Like many a creative project or endeavor, the writing of Aspects has been a journey, during which I have learned as much about myself as the art and craft of astrology.
The book started out with case studies of six famous people who had been through transformative experiences. I was curious about how people change, and what this would look like through an astrological lens. In writing and researching the book, I found that there was often a core aspect or configuration that provided the alchemical fire for growth. Gandhi, the father of passive resistance, had a combustible t-square between Mars, Pluto, and the Moon that powered his growth from bumbling, tongue-tied lawyer to worldwide spiritual leader and teacher. Katharine Graham, the Washington Post publisher who shepherded her newspaper through the Watergate crisis, had a conjunction between Venus and Pluto. During her 20s and 30s she was a mousy housewife afraid to speak at company parties. When she died at age 84 she had become one of the most influential women of the 20th century.
Something else I learned while writing Aspects is that although conventional wisdom teaches that hard aspects (squares, conjunctions, and oppositions) are difficult and soft aspects (trines and sextiles) are easy, those lovely, flowing soft aspects are not always as soft as they appear. Consider the chart of Kurt Cobain, the Seattle grunge rocker who committed suicide at age 27. Cobain had a grand trine in water (between Jupiter, Venus-Saturn, and Neptune), an exact trine between the Sun and Mars, and yet another trine between Mercury and the Moon: easy aspects all! Martha Stewart, the one-woman industry who recently emerged from five months behind bars, has a trine between the Sun and Mars—both in ruling signs! She has another prominent trine between Neptune and Uranus-Saturn.
What we learn from these and other cases is that while soft aspects often bestow gifts (Martha Stewart's business acumen, Cobain's electric stage presence) they can also induce complacency and, in extreme cases, grandiosity.
There is one final lesson I learned from writing Aspects, and that is the importance of a "third thing" to the process of transformation. One's natal chart is a wonderful, even wondrous, tool, but in and of itself it is not enough. In every case I studied, from Gandhi to Lance Armstrong to Katharine Graham, a third thing played a pivotal role. For Lance this third thing was cycling, for Katharine Graham it was The Washington Post.

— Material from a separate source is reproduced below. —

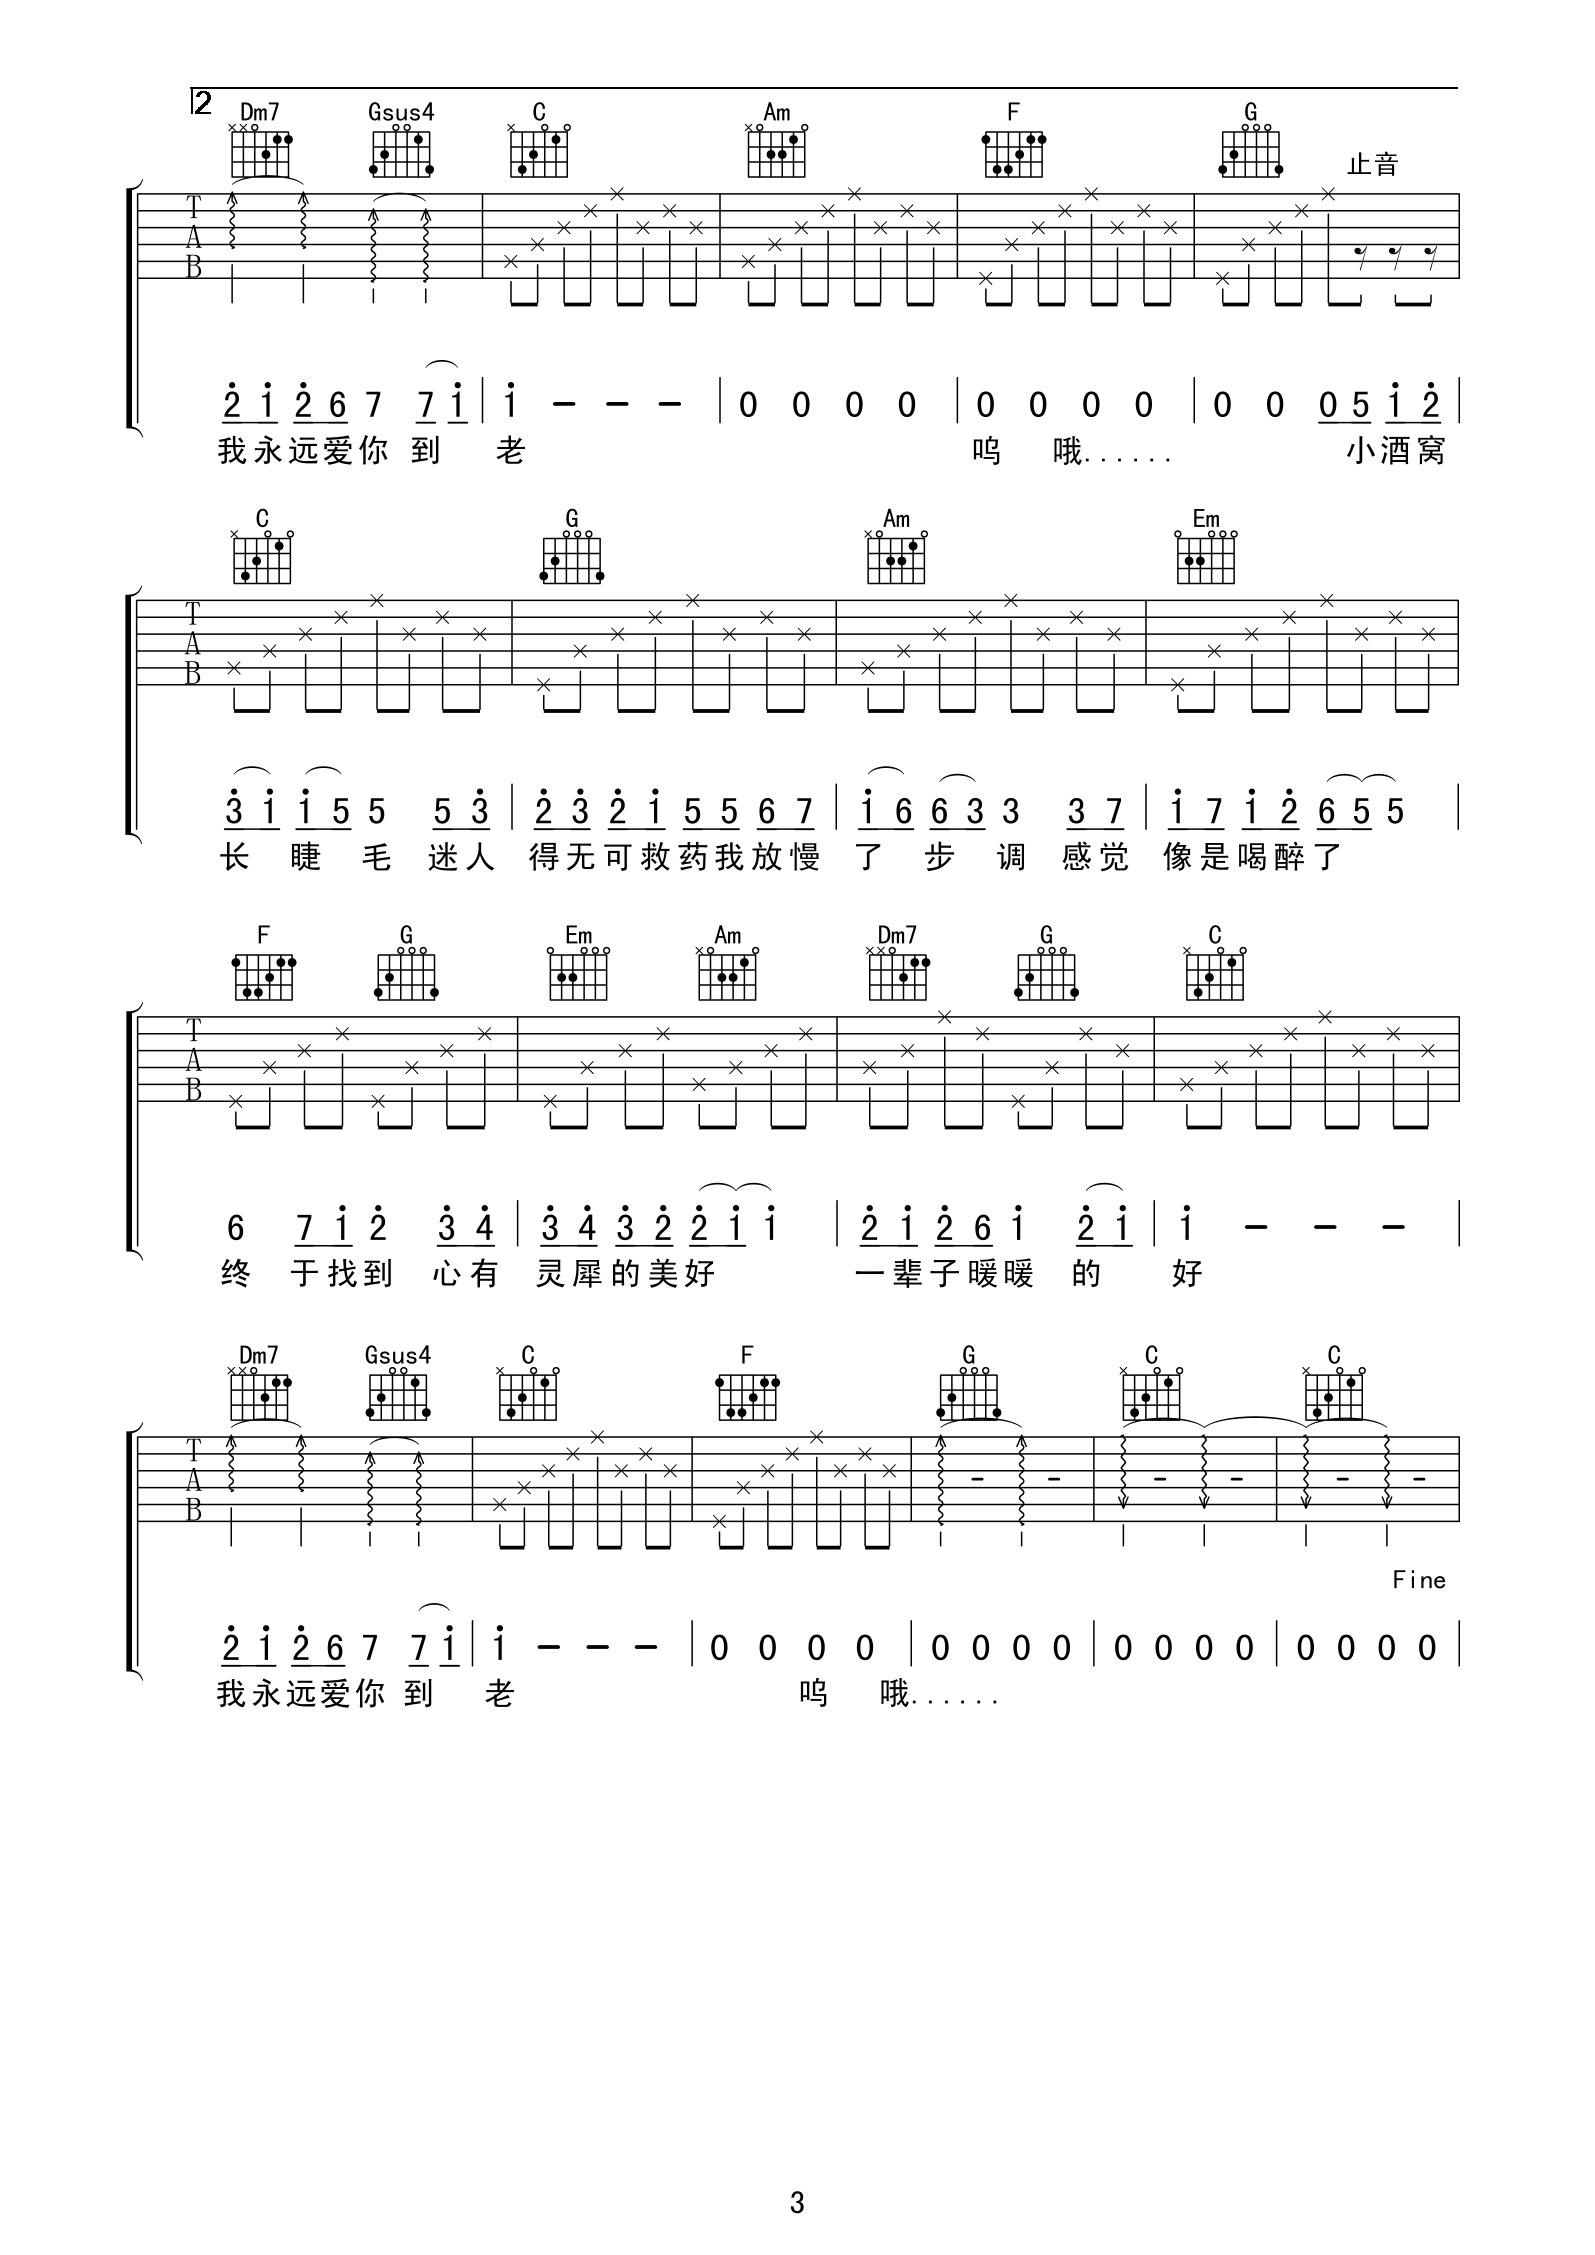 林俊杰&蔡卓妍《小酒窝》吉他谱

This "third thing" comes in all shapes and sizes: yoga, meditation, writing, work and service. Indeed, it is anything to which one whole-heartedly devotes one's energy.
There is never any guarantee of "transformation," of course—even when we undertake a thorough study of our natal charts and devote ourselves to a practice. In the final analysis, it might be that process (and the mindfulness that hopefully accompanies process) is just as—if not more—important than any end result.